Graham tensed. "Which one?"

"The private secretary, Anna Harris. An orphan with no family and, given her career, very little money, unless she stole some from Spencer. She is the only member of the staff who disappeared, so it seems likely that she took the notebook."

"I see."

"The thing is, Anna Harris is not a professional like Spencer. She won't know how to go about making a deal for an item as dangerous as the notebook without revealing herself to someone who is watching for it to appear on the underground market."

"Someone like you."

"Thanks to the firm's connections I can keep an eye on that market. Don't worry, Anna Harris and the notebook will show up sooner or later, and when they do, I'll deal with both issues."

"Why didn't you mention this before?"

Julian smiled his fallen-angel smile. "Because I wanted to know just how important this contract was to you."

"I see. What makes you think that this Anna Harris knows the value of the notebook?"

"I'm sure of it, because she fled without helping herself to the necklace that was in the safe. She must have seen it. Why would a poor secretary leave such a valuable item behind unless she thought she had something of even greater value to sell?"
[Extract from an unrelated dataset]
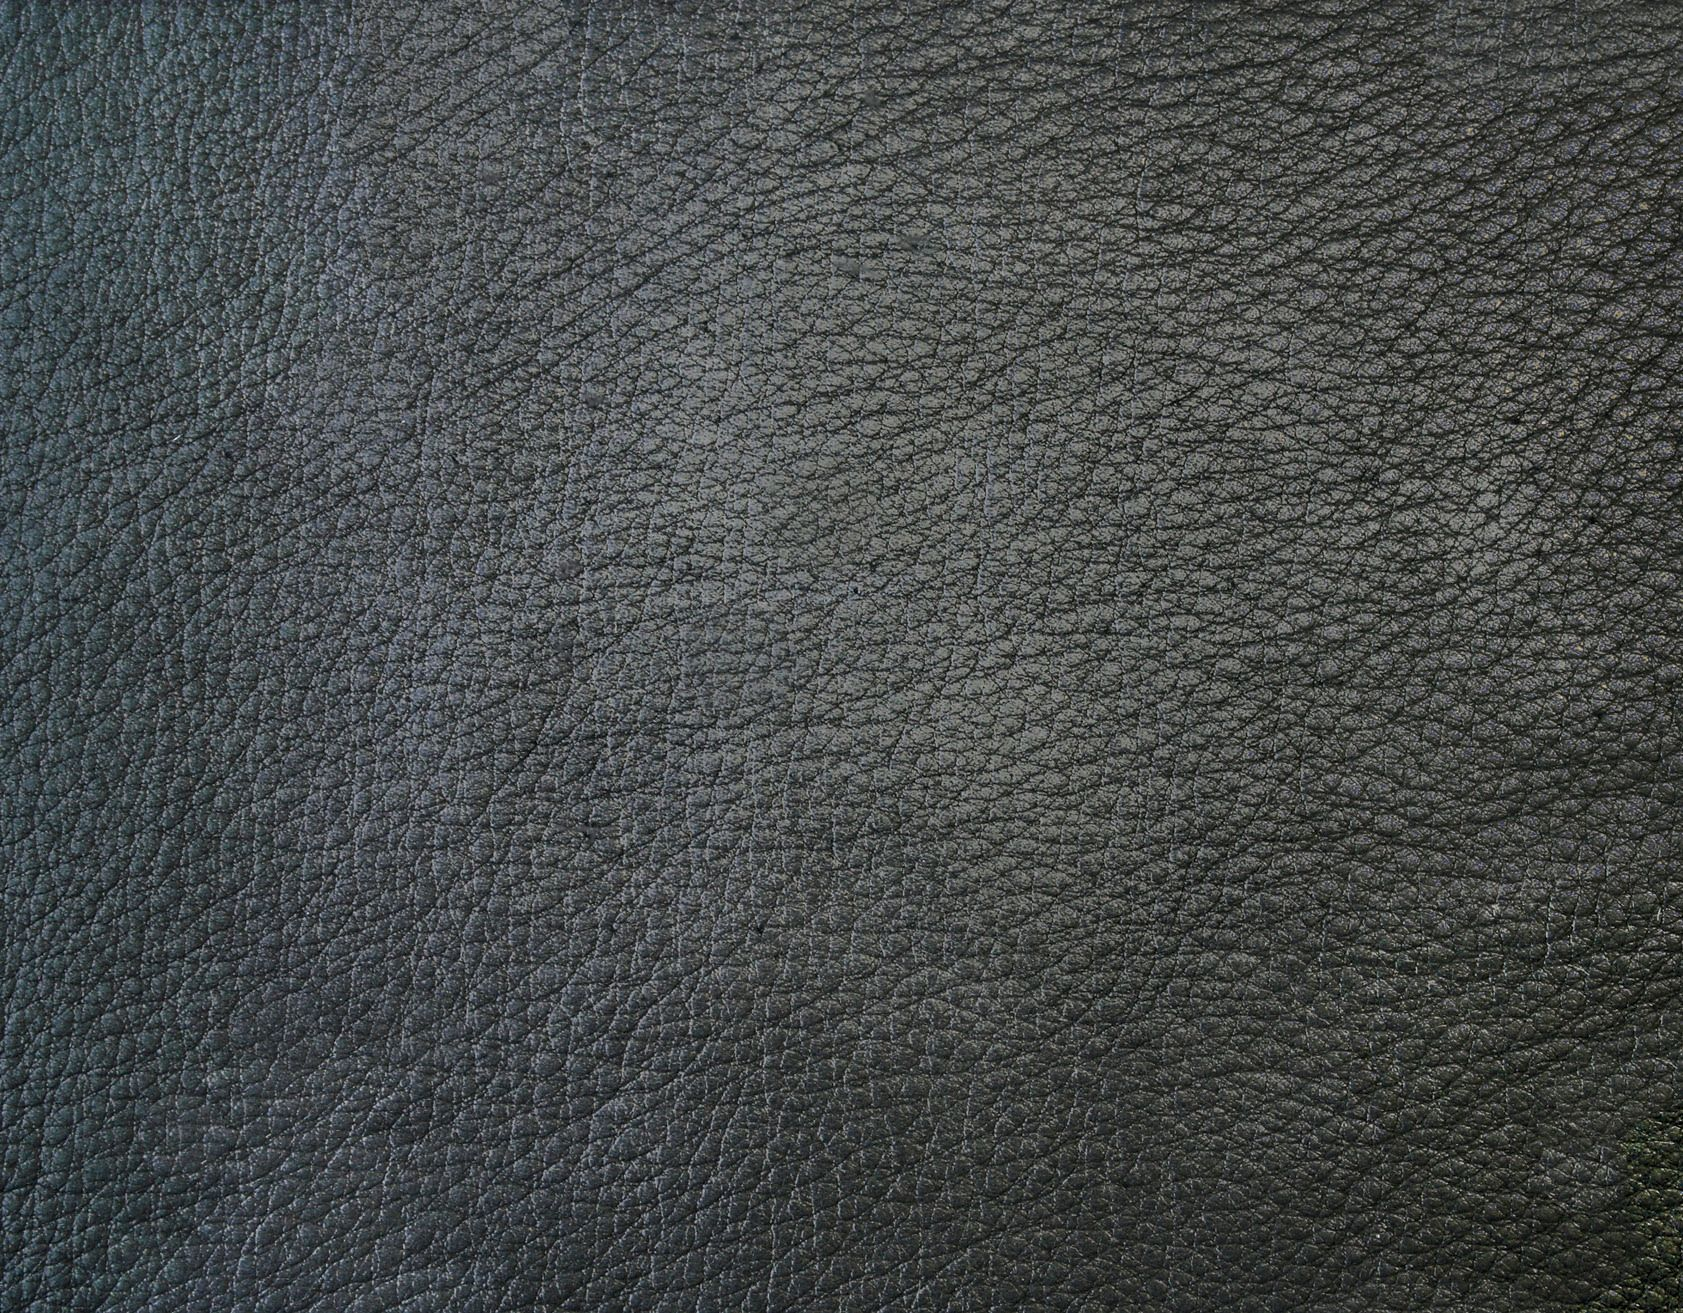 Black Elephant Skin Looks 12 Leather texture Texture packs 1683x1313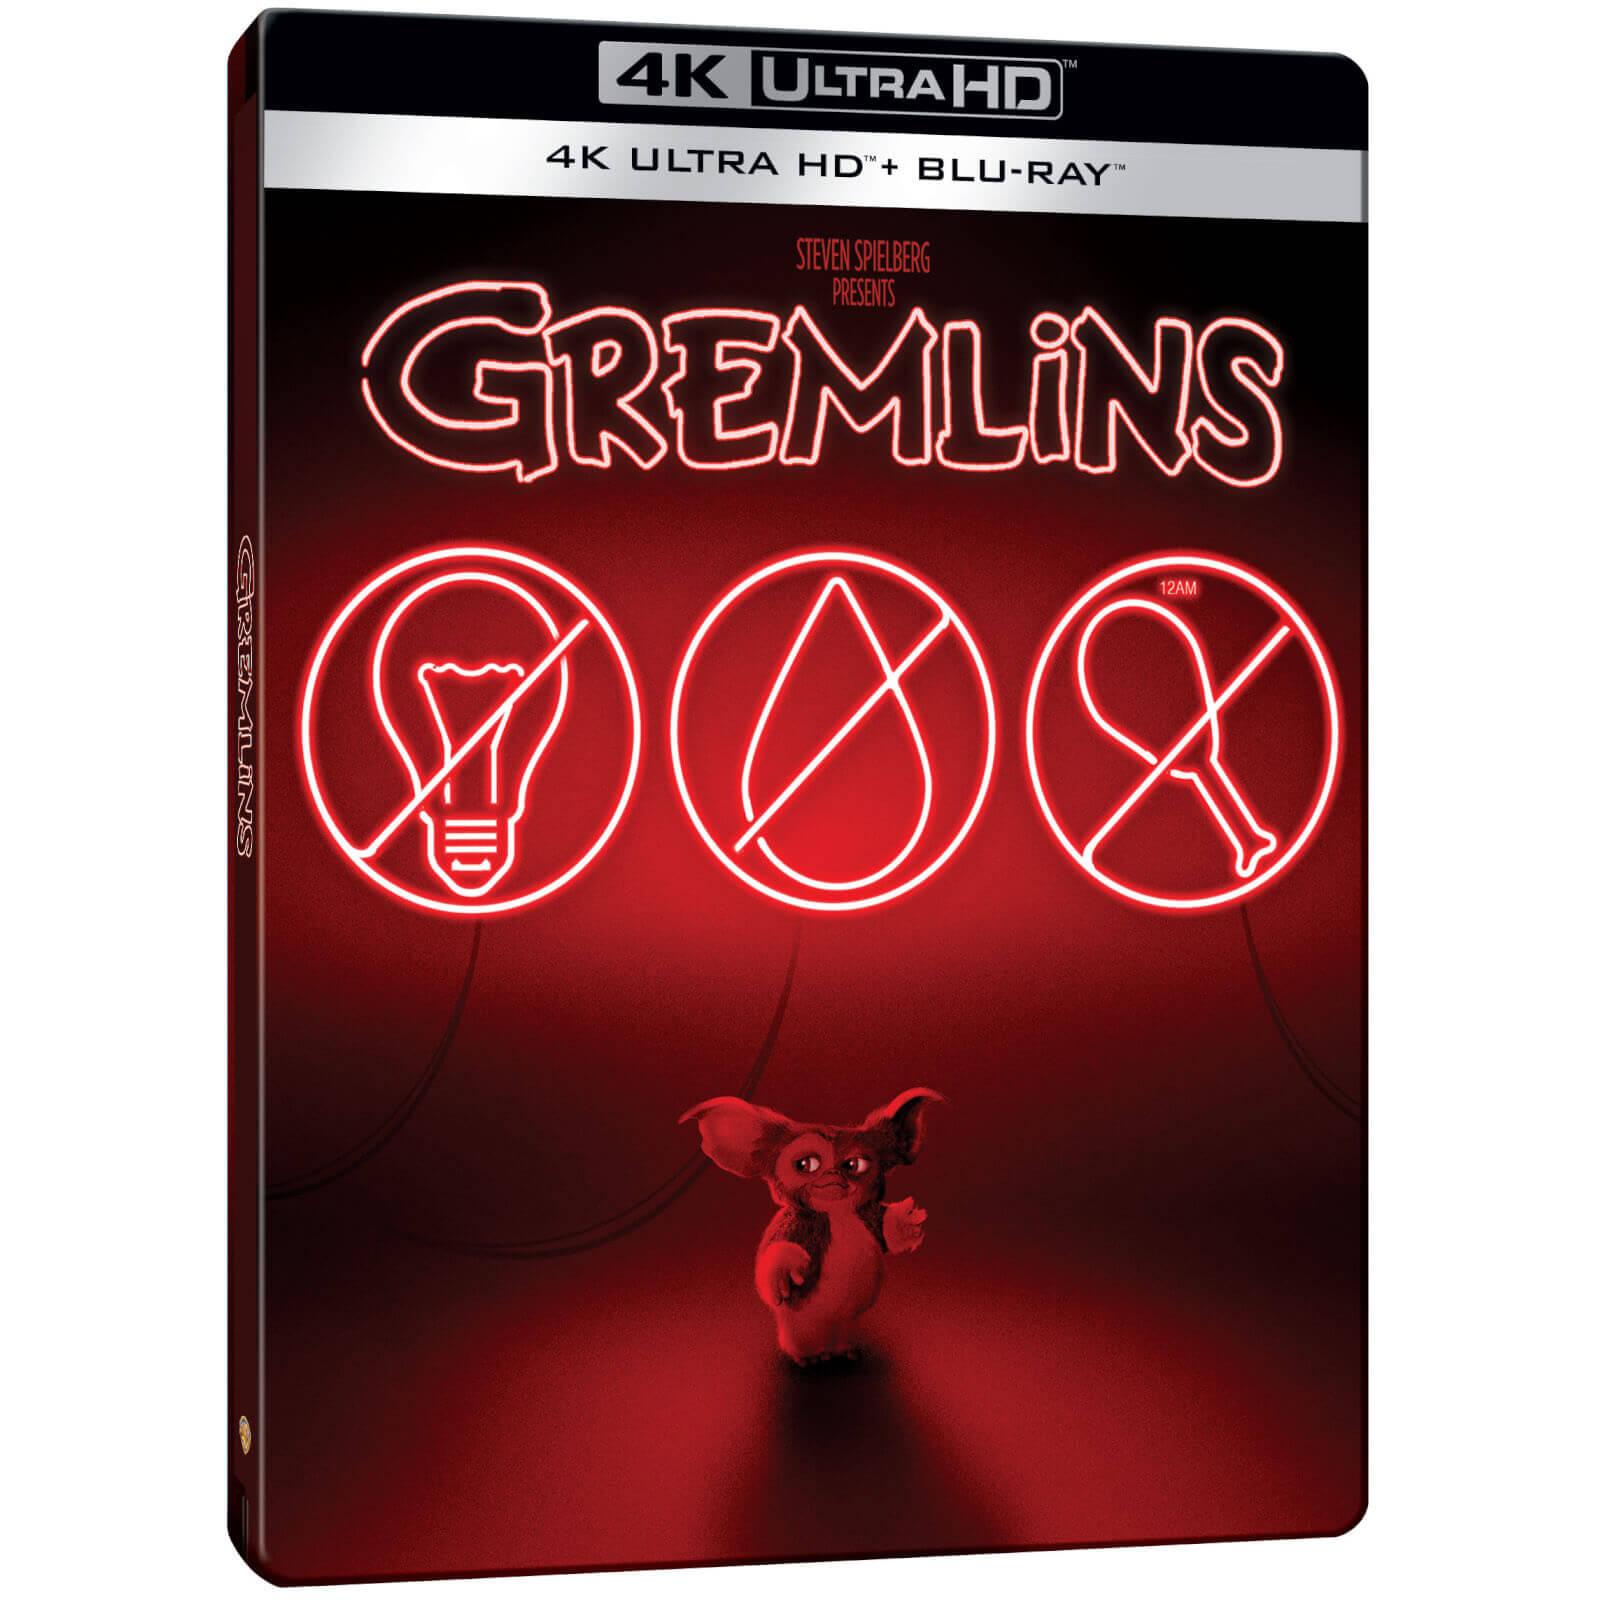 Gremlins - Exklusives Steelbook (4K Blu-ray + Blu-ray) für 18,69€ inkl. Versand (Zavvi)

"Good point," Graham said. "But I must say, I'm surprised that Spencer confided the truth about the notebook to her secretary."

Julian's brows rose. "Are you really? We both know that, sooner or later, private secretaries discover a great deal about their employers' confidential business."

Graham grunted. "Very true."

It was unfortunate that the very qualities that made for a skilled secretary—intelligence, organizational talents, and the ability to anticipate her employer's needs before he was even aware of them—were the same qualities that eventually caused problems.